Exercise aim:
Everything from the line holding "Hosh Shayari" to the last line of the material below must be retyped exactly, minus any pictures.

Records for the task:
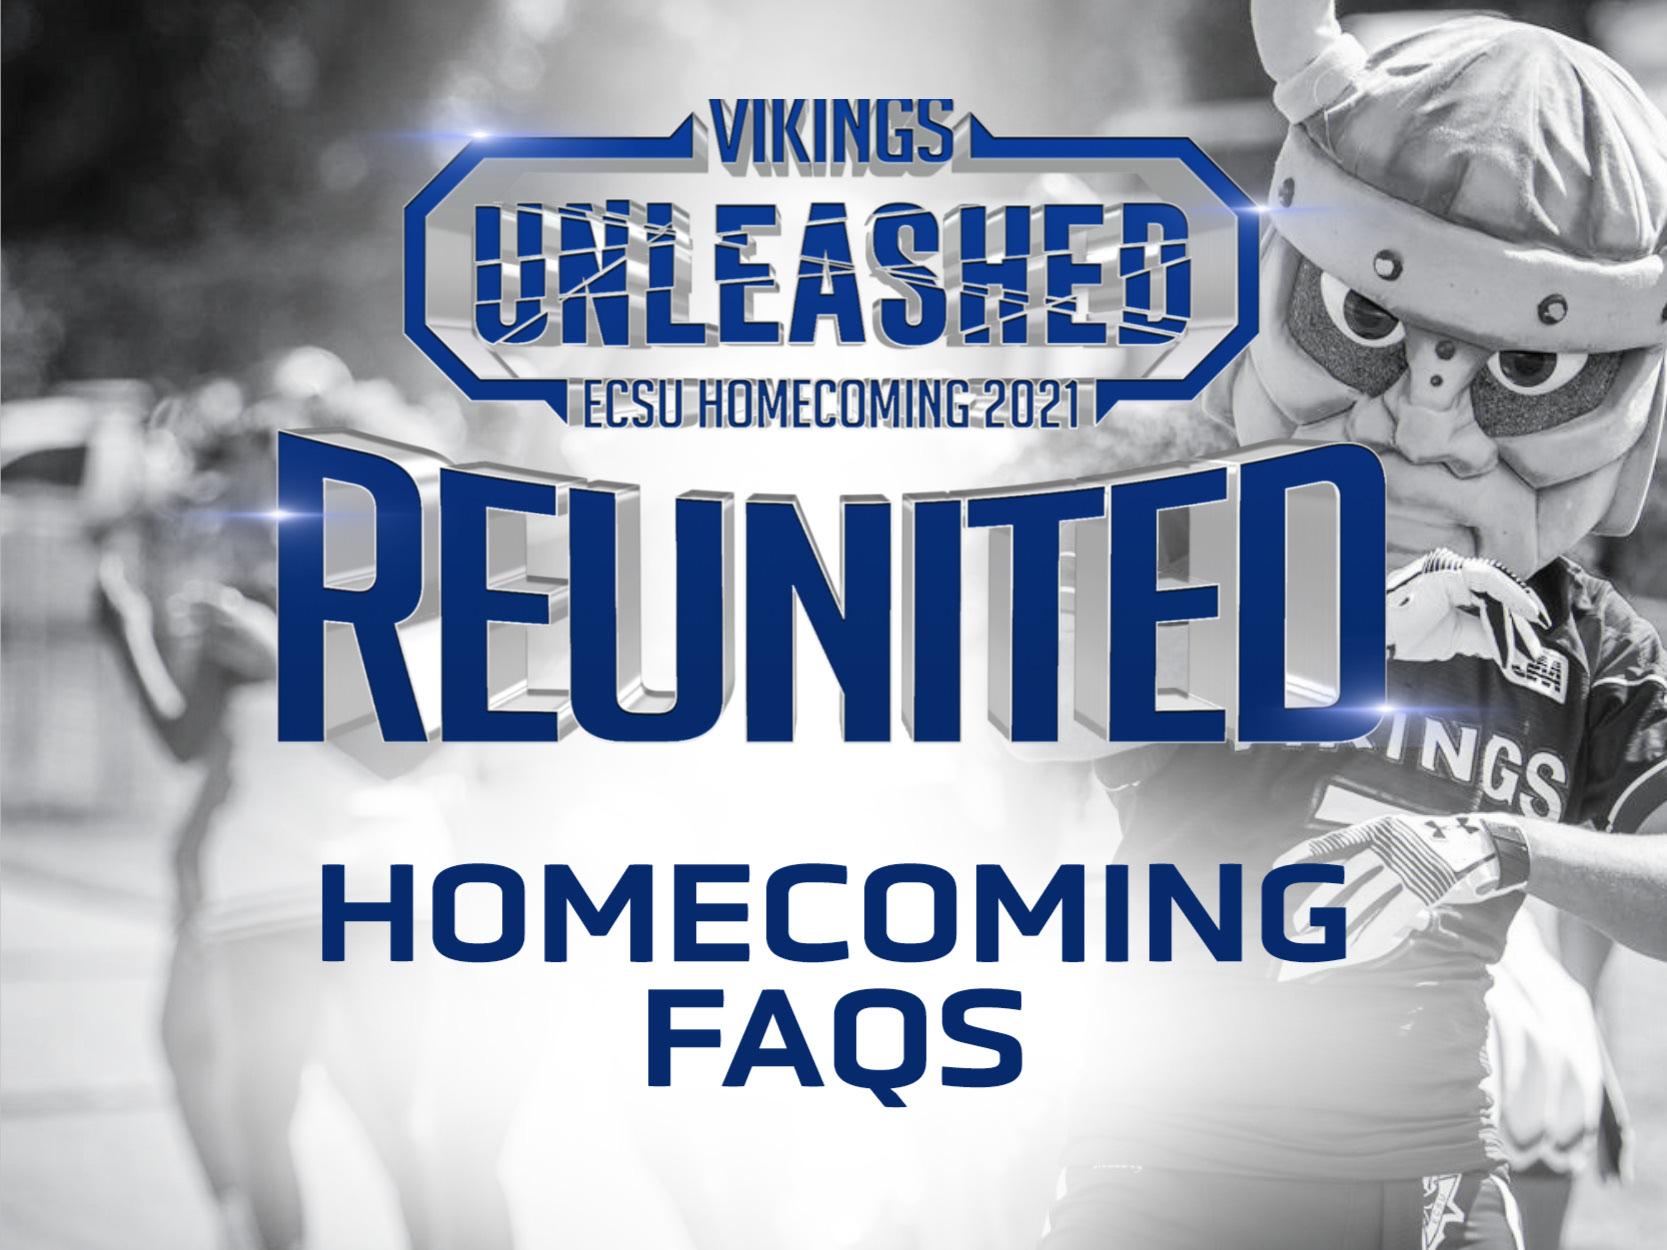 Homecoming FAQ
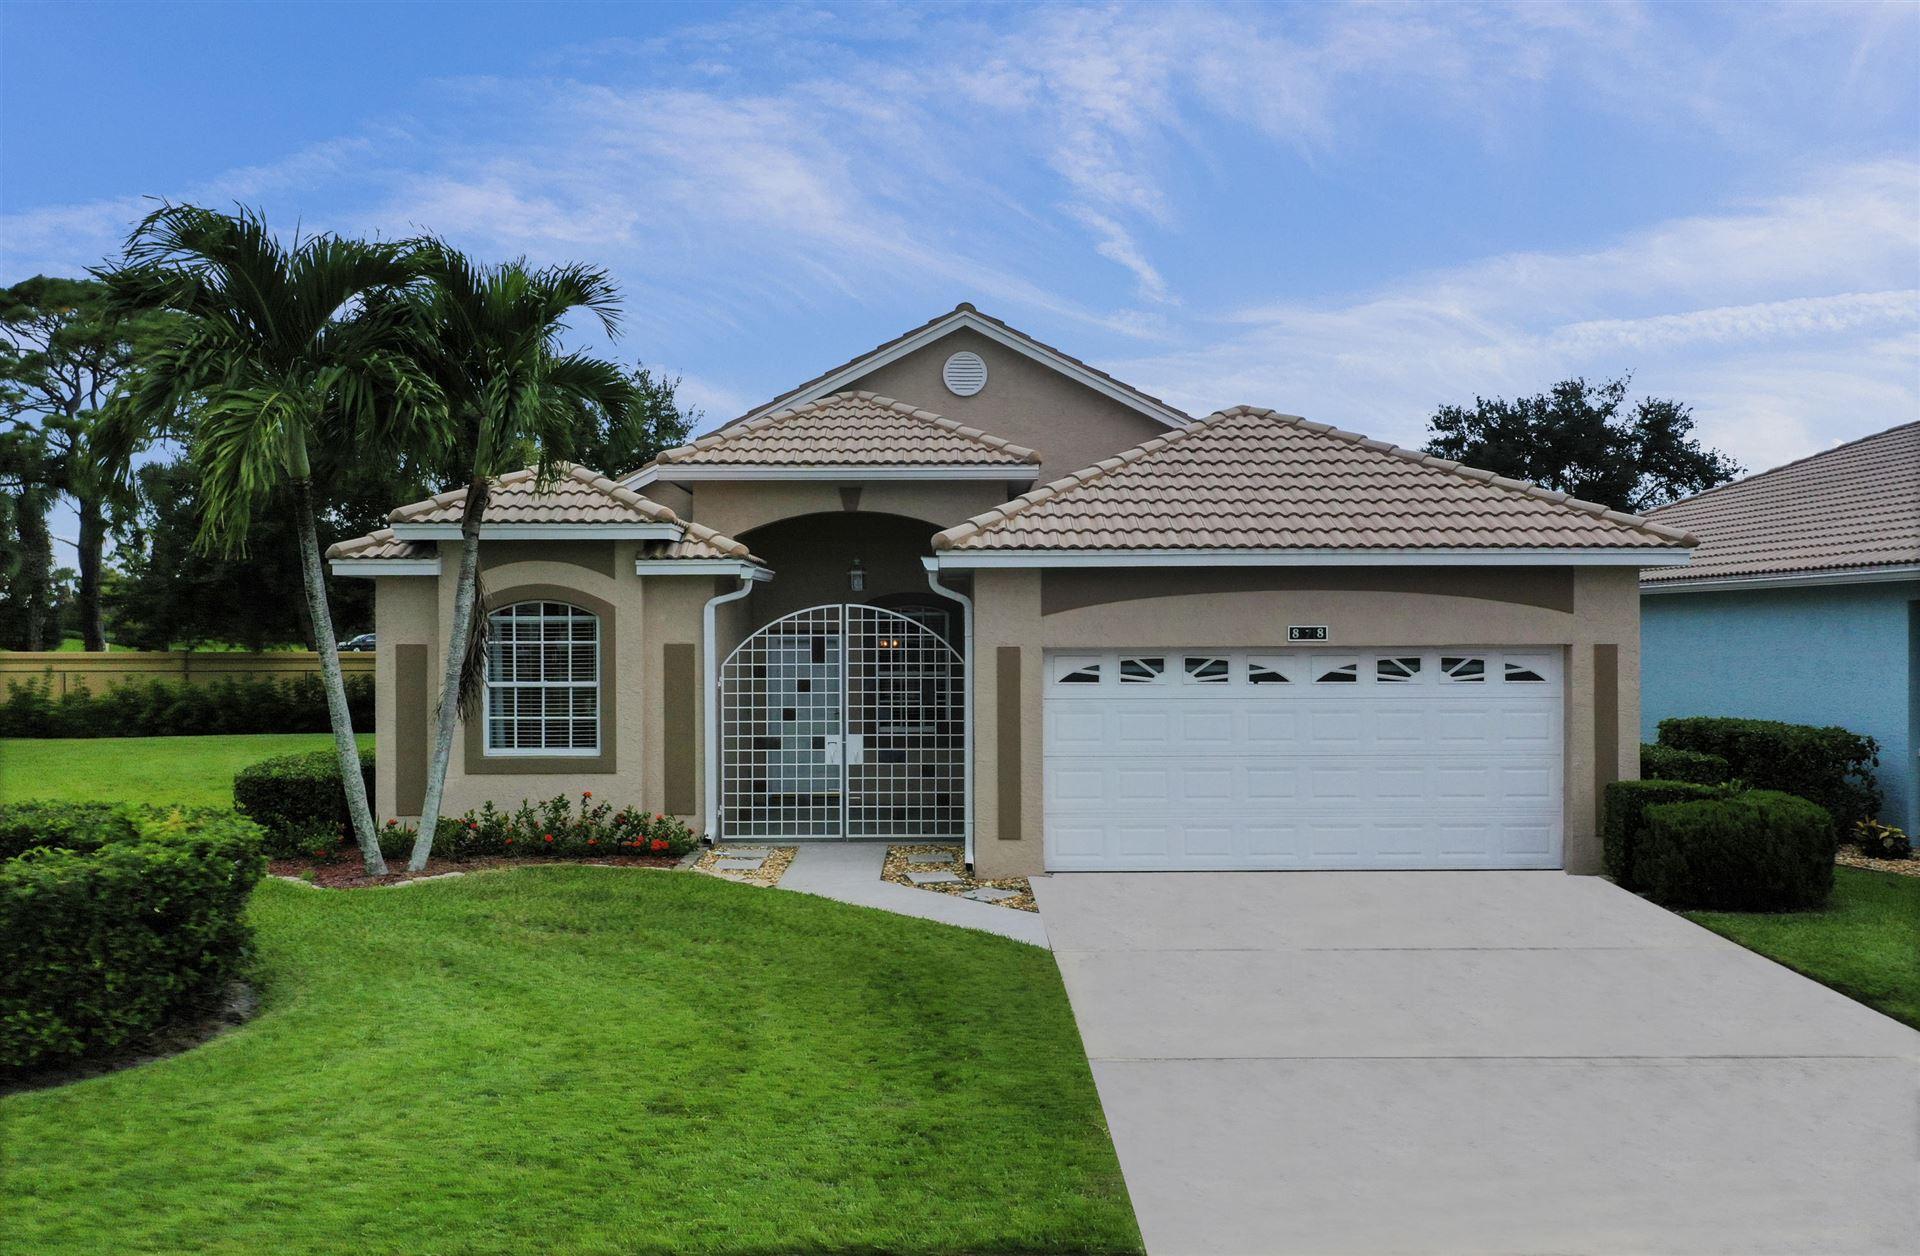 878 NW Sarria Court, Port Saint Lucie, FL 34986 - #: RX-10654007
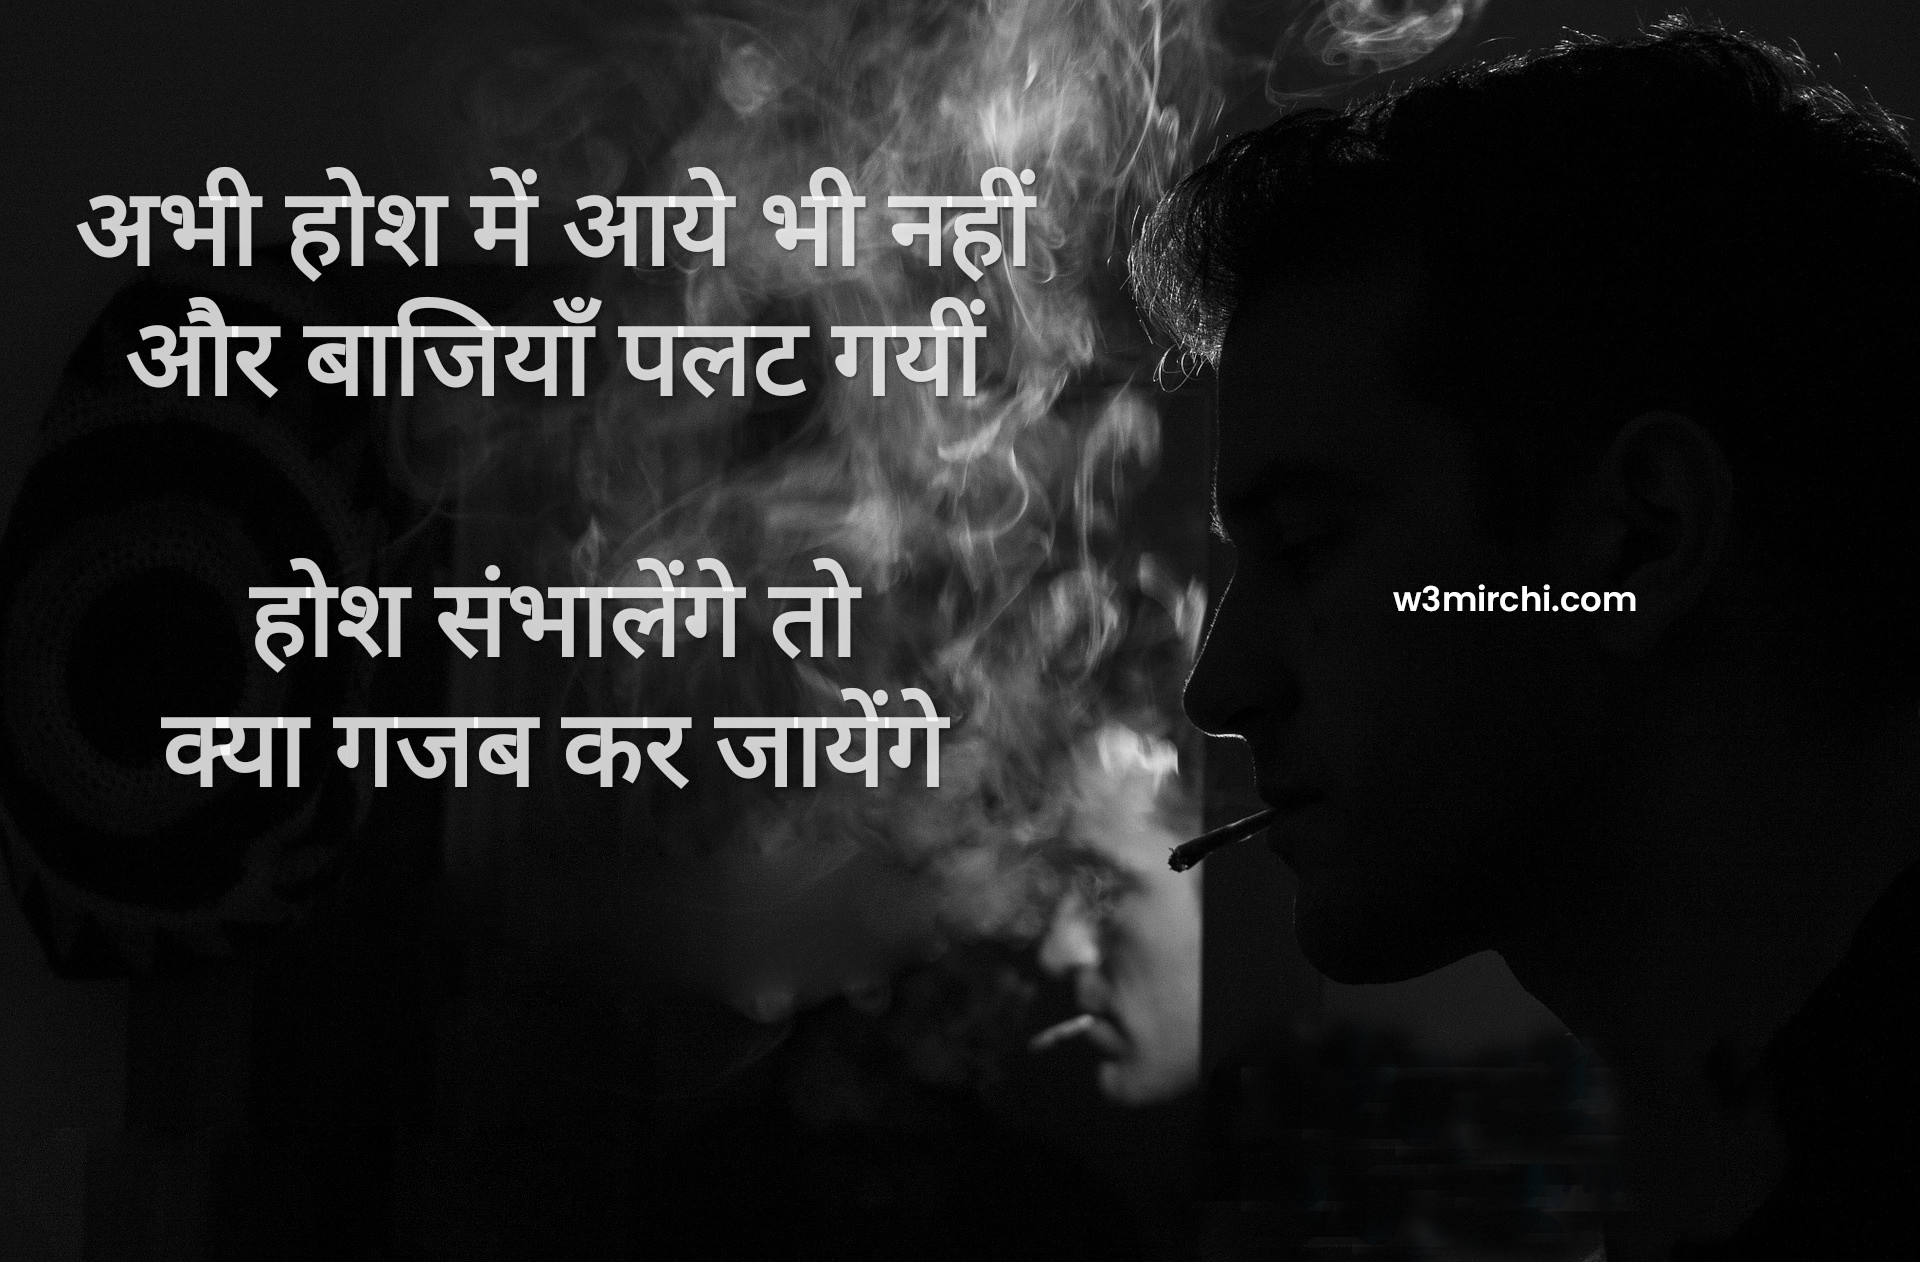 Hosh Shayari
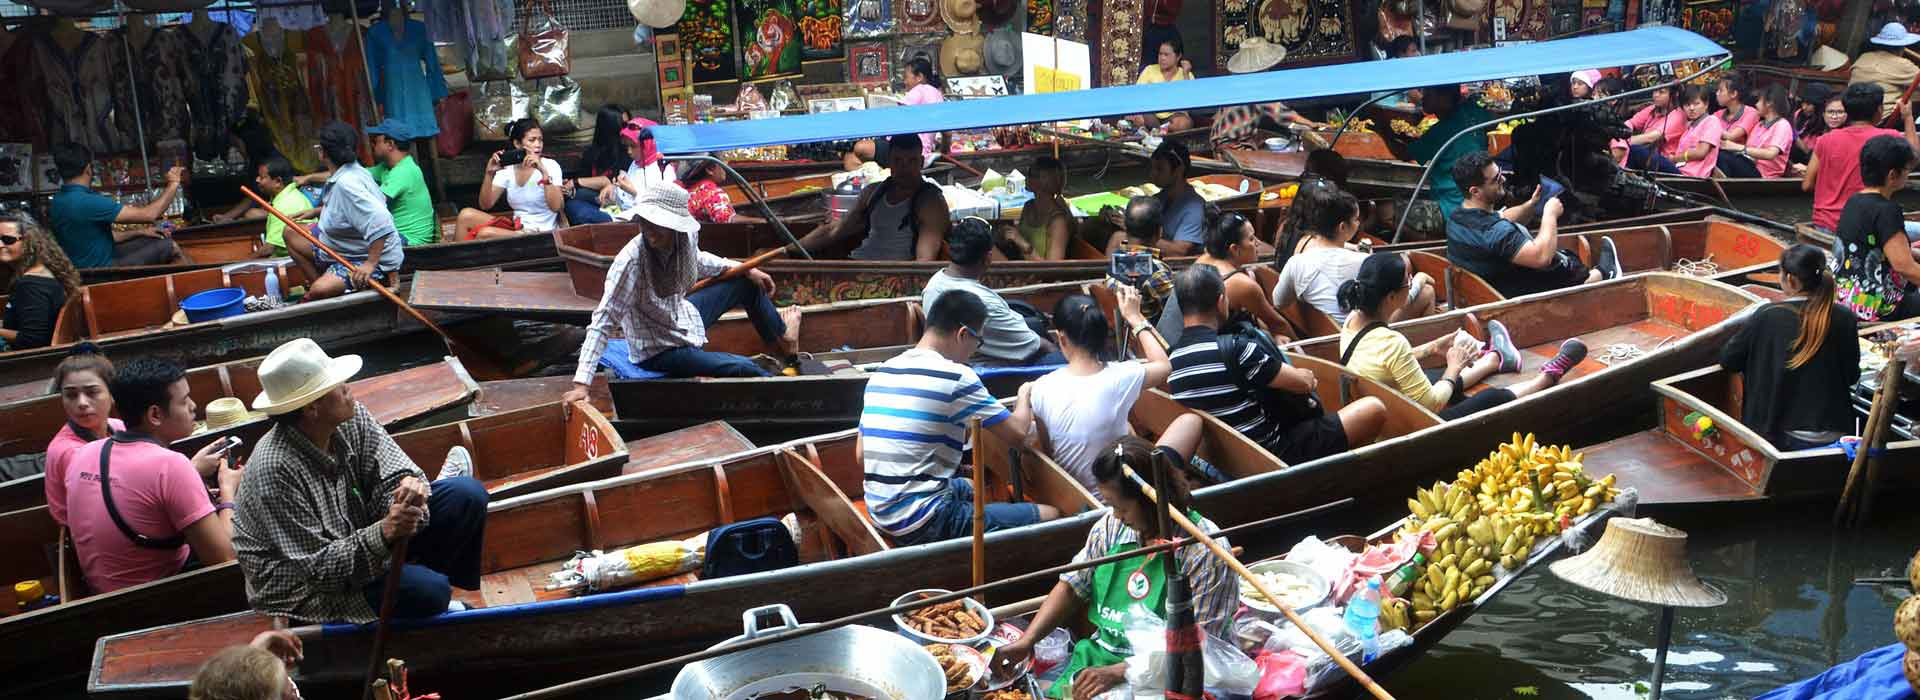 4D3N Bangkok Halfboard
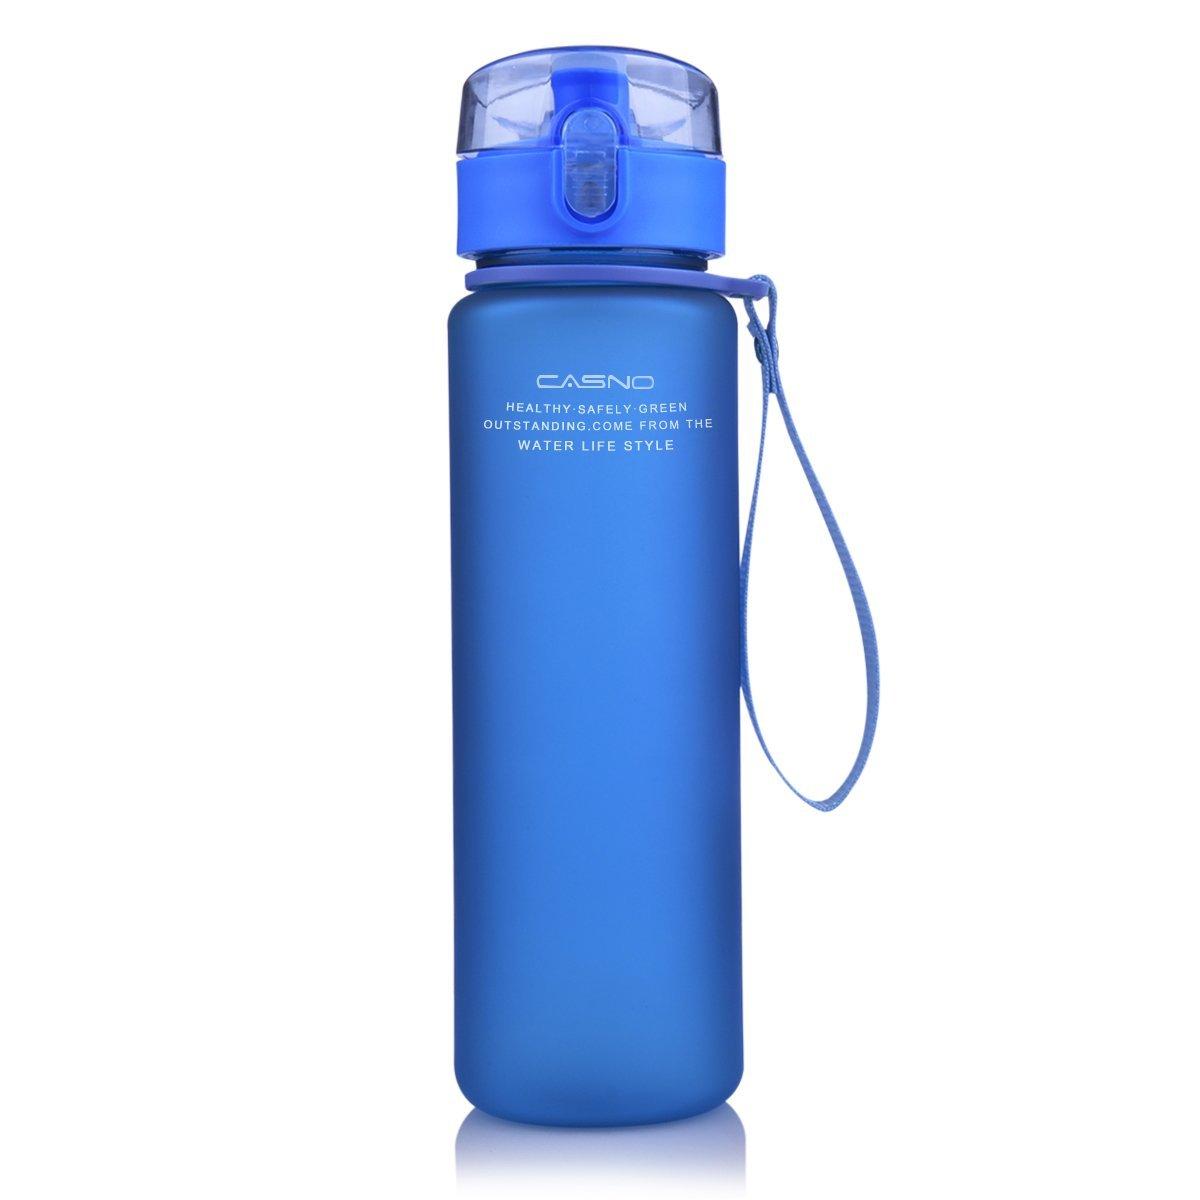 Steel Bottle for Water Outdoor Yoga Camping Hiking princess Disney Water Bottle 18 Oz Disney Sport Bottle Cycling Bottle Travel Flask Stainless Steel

Solution to this exercise:
 Hosh Shayari
 4D3N Bangkok Halfboard
 Steel Bottle for Water Outdoor Yoga Camping Hiking princess Disney Water Bottle 18 Oz Disney Sport Bottle Cycling Bottle Travel Flask Stainless Steel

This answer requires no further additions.